Document Type : Research
MSc Geophysics,, University of Tehran.
In order to properly understand the subsurface structures, the issue of inversion of geophysical data has received much attention from researchers. Since accurate reconstruction of the shape and boundaries of the mass using gravimetric data is very important in some issues, it is important to use an effective and efficient method that has a high ability to draw and reconstruct the boundaries of a mass. In recent years, the level set method introduced by Asher and Stein has been widely used to solve this problem. From the expansion of the level set function in some bases of the problem, the effective number of parameters is greatly reduced and an optimization problem is created which its behavior is better than the least squares problem. As a result, the level set parameterization method will be presented for the reconstruction of inversion models. A common advantage of the parametric level set method is the careful examination of the boundary for optimum sensitivities, which significantly reduces the dimensional problem, and many of the difficulties of traditional level set methods, such as regularization, reconstruction, and basis function. Level set parameterization is performed by radial basis functions (RBF); Which causes an optimal problem with an average number of parameters and high flexibility; And the computational and optimization process for Newton's method is more accurate and smooth. The model is described by the zero contour of a level-set function, which in turn is represented with a relatively small number of radial basis functions. This formulation includes some additional parameters such as the width of the radial basis functions and the smoothness of the Heaviside function. The latter is of particular importance as it controls the sensitivity to changes in the model. In this algorithm that adaptively chooses the required smoothness parameter and tested the method on a suite of idealized Earth models.
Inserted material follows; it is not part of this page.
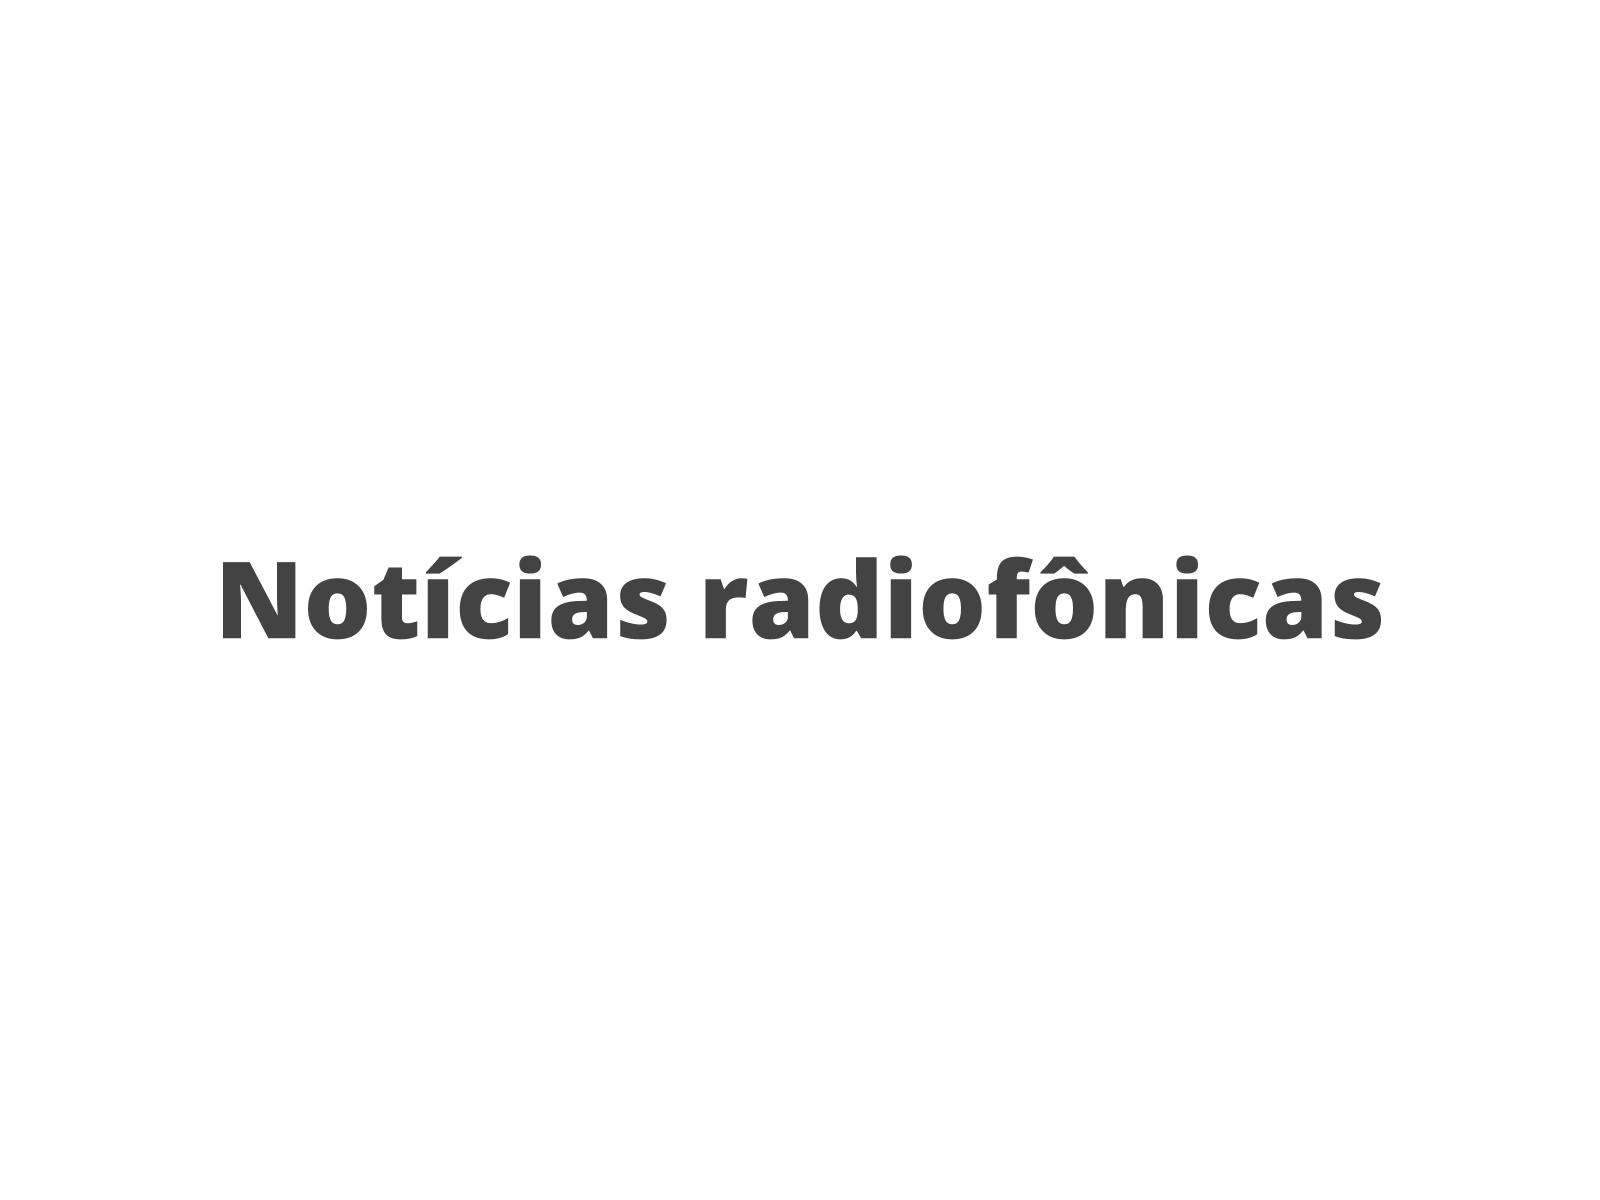 Elementos estruturais de notícias radiofônicas

In this evolutionary approach, the reduction gradient method usually requires many iterations for convergence, and the functions are weakened for low-sensitivity problems. Although the use of Quasi- Newton methods to improve the level set function increases the degree of convergence, they are computationally challenging, and for large problems and relatively finer grids, a system of equations must be solved in each iteration. Moreover, based on the fact that the number of underlying parameters in a parametric approach is usually much less than the number of pixels resulting from the discretization of the level set function, we make a use of a Newton-type method to solve the underlying optimization problem.
In this research, the algorithm is used to investigate its strengths and weaknesses for applying geophysical gravity data, coding and programming, and tested using several two-dimensional synthetic models. Finally, the method is tested on gravity data from the Mobrun ore body, north east of Noranda, Quebec, Canada.
The results of this study show that the application of the optimization algorithm of the level set function will lead to a relatively more accurate and realistic detection of mass boundaries. Therefore, the mass has spread from a depth of 10 meters to a depth of 160 meters.